Tenacity on the Tasman is a 2009 documentary film about Olly Hicks, an adventurer, and his attempt to circumnavigate the world in a rowboat. The film premiered at the ODEON Leicester Square on November 19, 2009, becoming the first independently distributed documentary to premiere at the theater. The film was produced and directed by independent filmmaker George Olver through his production company Pendragon Productions and distributed globally as part of the Adventure Film Festival.

== Synopsis ==
He was the first person to row across the Atlantic from New York to Europe. However, five previous trans-Atlantic rowers had gone from the United States to France, some in about half the time it took Hicks. Two of the five rowed a greater distance. He was at the time the youngest person ever to row an ocean at 23. Since then, Katie Spotz, a 22-year-old American rower, has completed the journey.

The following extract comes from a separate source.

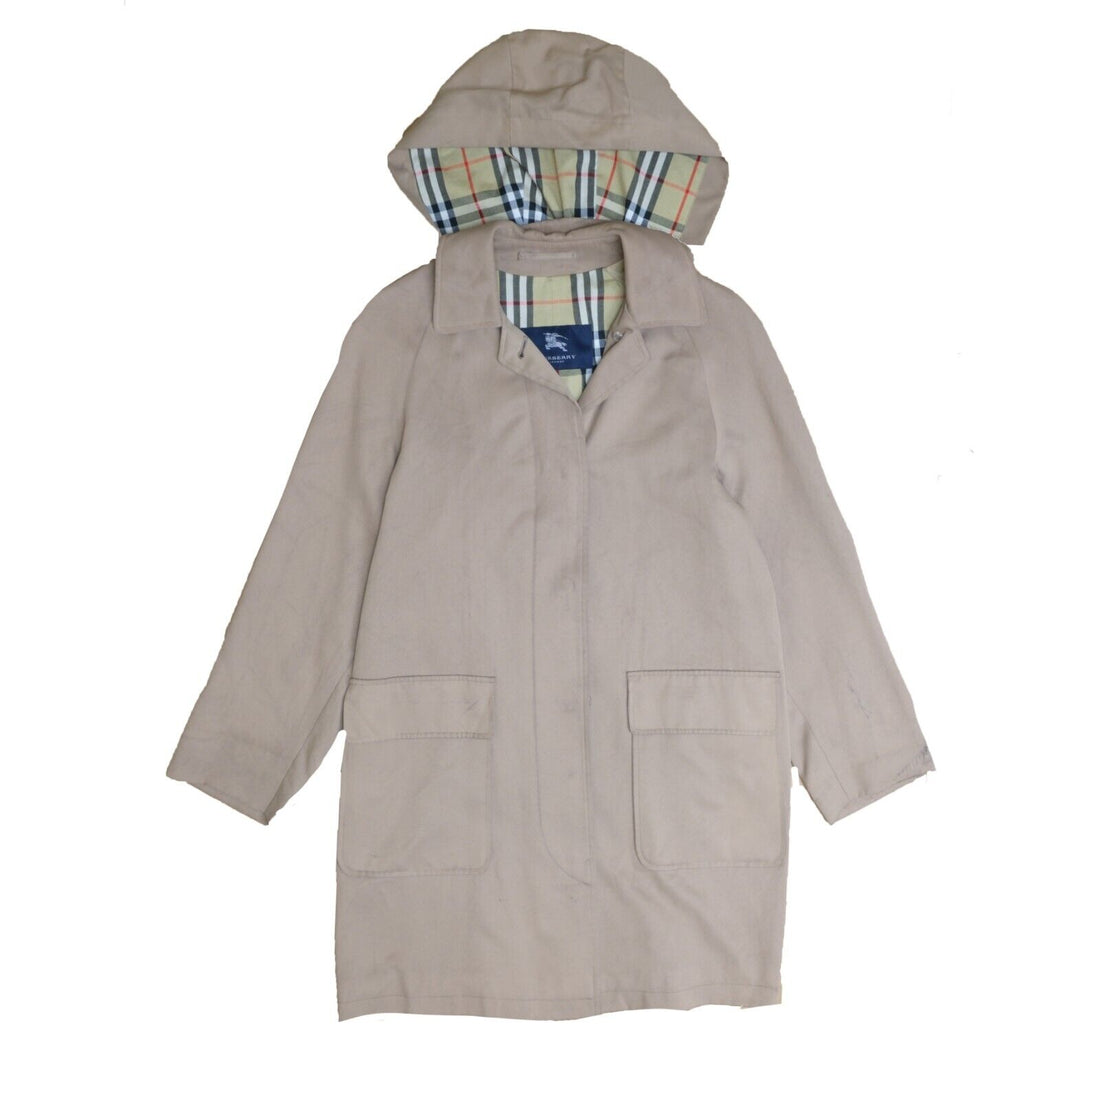 Burberry London Trench Coat Jacket Womens Size Small Hooded Nova Check Plaid

Olly Hicks sets in motion a plan to row solo around the world. While shooting a Virgin advertisement for Olver's company, Pendragon Productions, Hicks and Olver pitch the idea of a circumnavigation to Richard Branson, who sponsored Hicks's transatlantic row previously. Branson's funding effectively green-lights the project, and Hicks and Olver set out planning the expedition, gaining sponsorship from Google and YouTube and contracting the construction of high-tech equipment to track the boat and livestream the journey.

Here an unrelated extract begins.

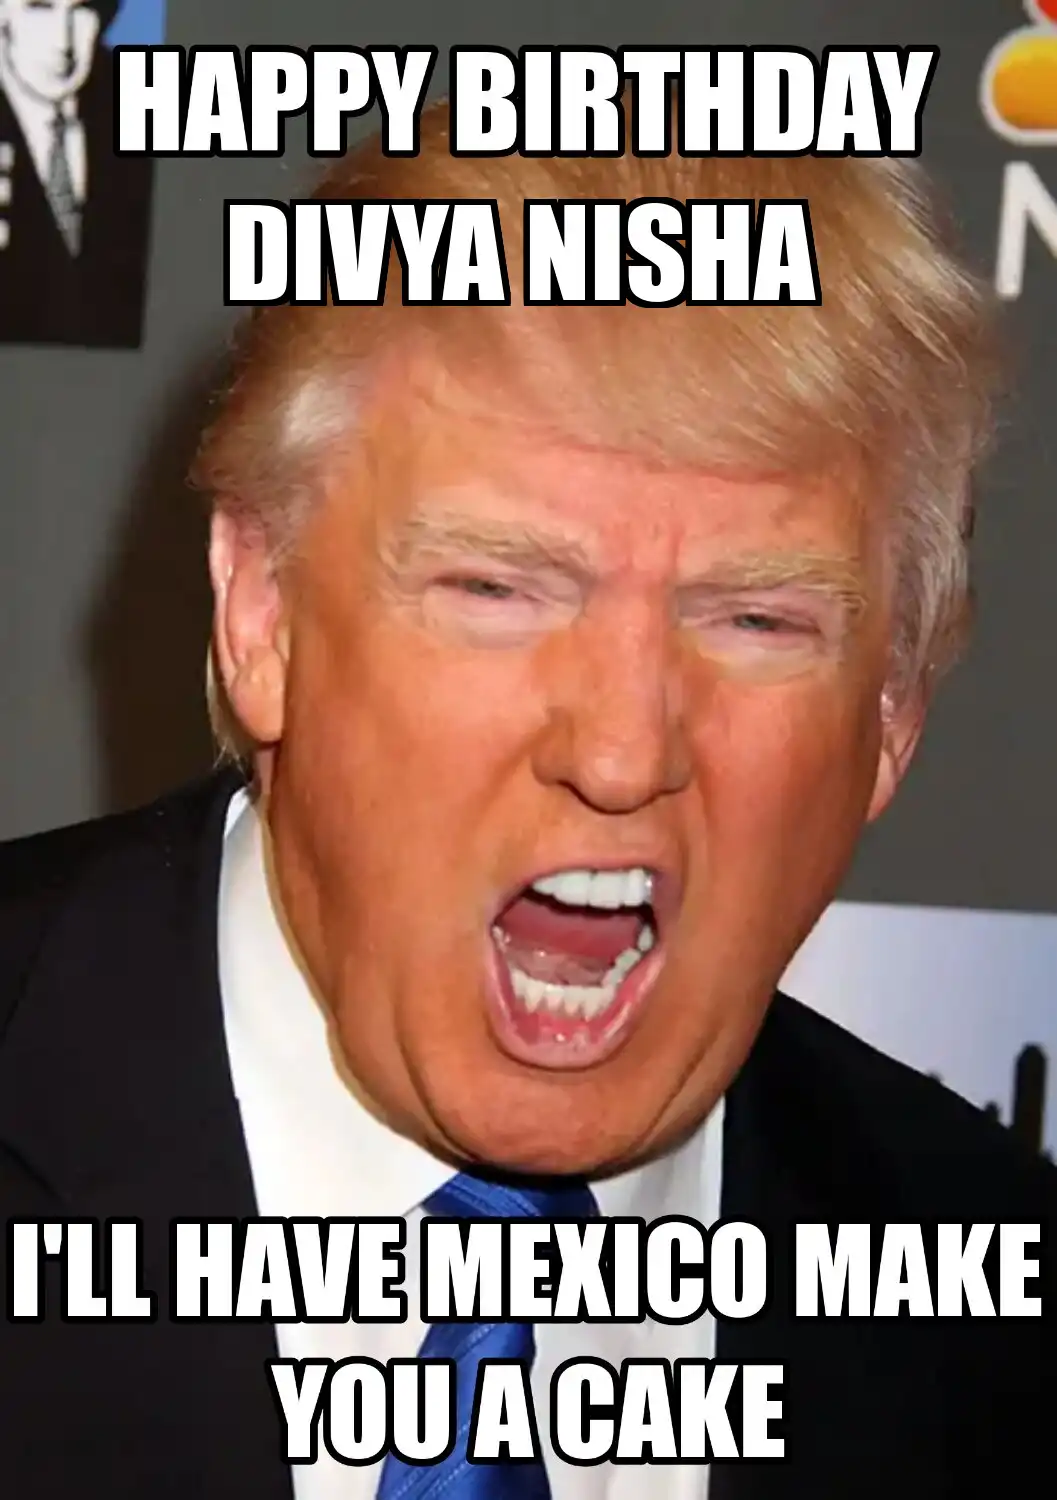 Happy Birthday Divya nisha Mexico Make You A Cake Meme

After launching in Australia, Hicks immediately encounters technical difficulties when the two-ton boat won't row downwind properly. Olver, sailing alongside Hicks with a small crew that includes Hicks's sister, is forced to leave Hicks alone at sea for ninety days. Hicks confronts his journey in solitude, fishing, reading, and making video blogs in between rowing. He maintains radio contact with Olver and even video conferences from the boat to astronauts aboard the International Space Station. As the trip progresses, the boat gradually breaks down, and extreme weather conditions thwart efforts to rescue Olly and his boat. Hicks is almost stranded until Olver commandeers a fishing vessel to tow Hicks into harbor in Bluff, New Zealand. Although his global circumnavigation is scrapped, Hicks still becomes the first person to row the Tasman Sea from Tasmania. The Tasman Sea had previously been rowed solo from New Zealand. Colin Quincey achieved this feat in 1977, while his son Shaun Quincey made the first solo row from Australia to New Zealand in 2010.